# 3/4" Baltic Birch defect, how to minimize



## jkjames (Oct 24, 2011)

I have cut 3/4 Baltic Birch for a cabinet project and now at the finishing stage I have noticed a uniform wavy defect in the material. It is perpendicular to the grain, uniform in spacing at about 1", seems to be a machine made "anomaly". The waviness is visual… there is no waviness in the thickness of the panel.

I did go back and inspect the scraps and I can see the identical pattern in the raw stock, so my work on the wood didn't cause the defect.

So now that my stain has accentuated the defect, I am pondering what to do to save the material.

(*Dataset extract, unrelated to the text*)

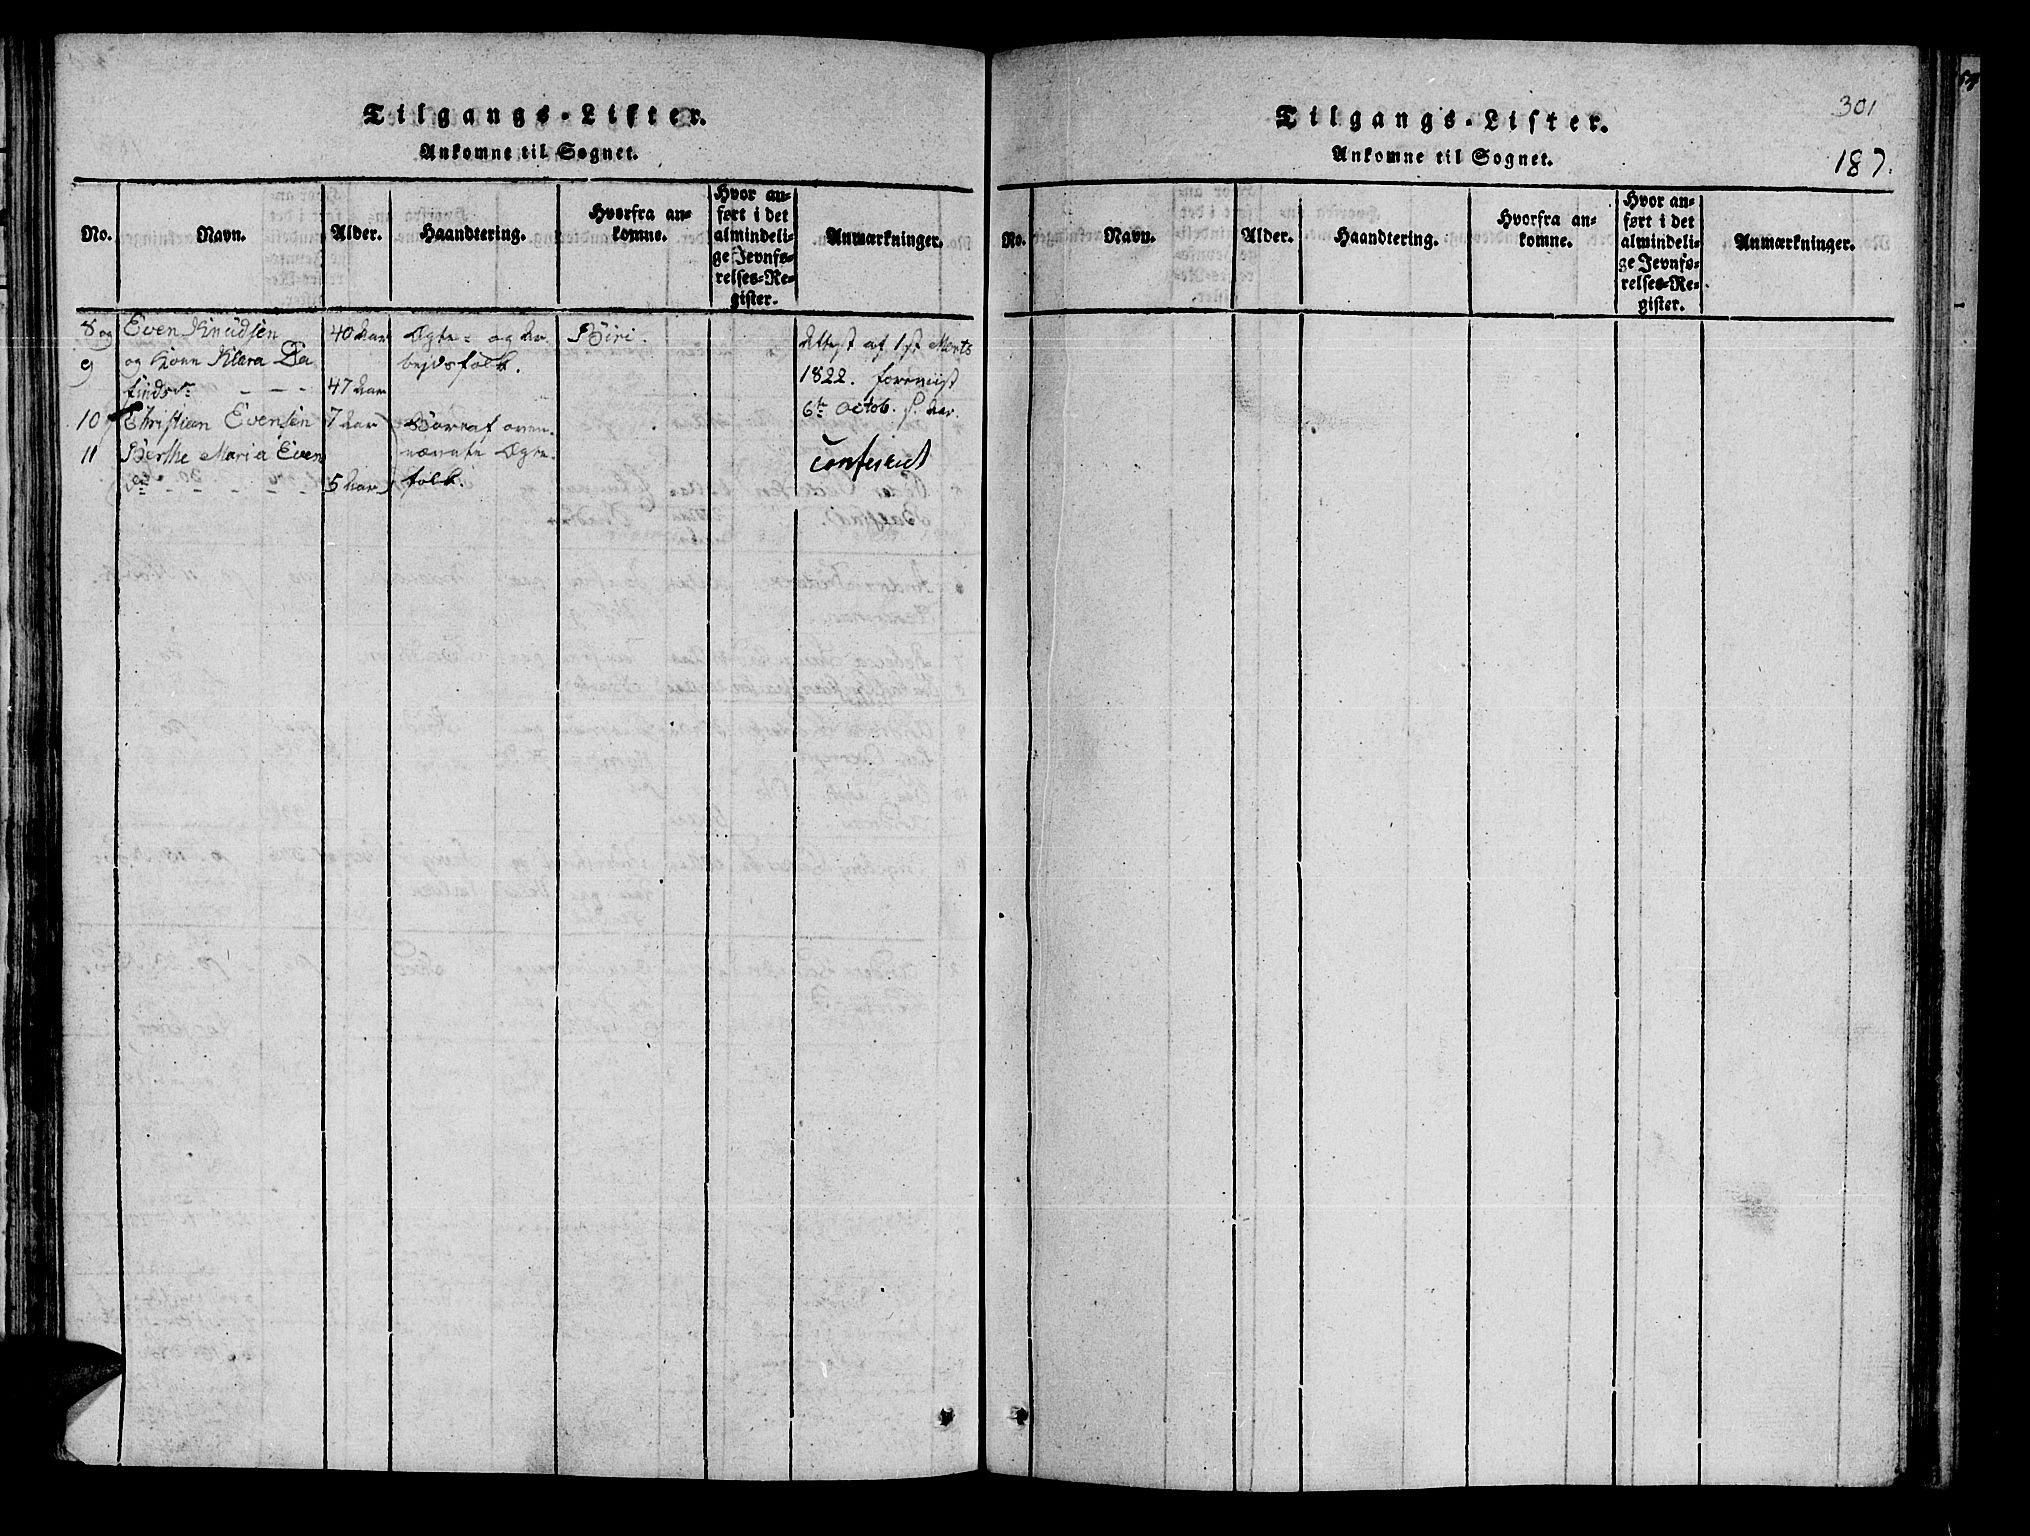 SAT, Ministerialprotokoller, klokkerbøker og fødselsregistre - Nord-Trøndelag, 741/L0387: Ministerialbok nr. 741A03 /1, 1817-1822, s. 187

Anyone been here before??










The picture should give you an idea what it looks like, though it doesn't truly show the prominence of the defect due to light and reflection, but you get the idea. It is across 100% of the panel.


----------



## Loren (May 30, 2008)

Use a cabinet or card scraper to scrape it at about a 45 degree 
angle to the grain in the panel, both ways. This will knock off 
the high spots.


----------



## jkjames (Oct 24, 2011)

The flatness of the outer ply is perfect. No high spots. I am wondering if the waviness is on an internal ply that may be showing through a non-100% opaque outer ply.


----------



## Charlie5791 (Feb 21, 2012)

more likely they're machine marks. Rollers under pressure can compress the fibers so they take stain differently.


----------



## HorizontalMike (Jun 3, 2010)

I think Charlie is correct about the machine marks flattening the grain. With so little to work with on veneered ply, one has to wonder it it would be advisable to raise the grain with water and re-sand the finish. A dangerous prospect for sure.

The only thing I could think of, for the future, would be to use a wood pre-conditioner before staining, however that does not help here. Sorry.


----------



## MrRon (Jul 9, 2009)

Was this genuine Baltic Birch ply that comes in 5'x5' sheets? If you cut from 4'x8' panels, then that wasn't BB and there would be more defects.


----------



## jkjames (Oct 24, 2011)

MrRon,

It was 5×5 sheet BB/CP claimed by the lumber yard. No patches on either side of the sheet.


----------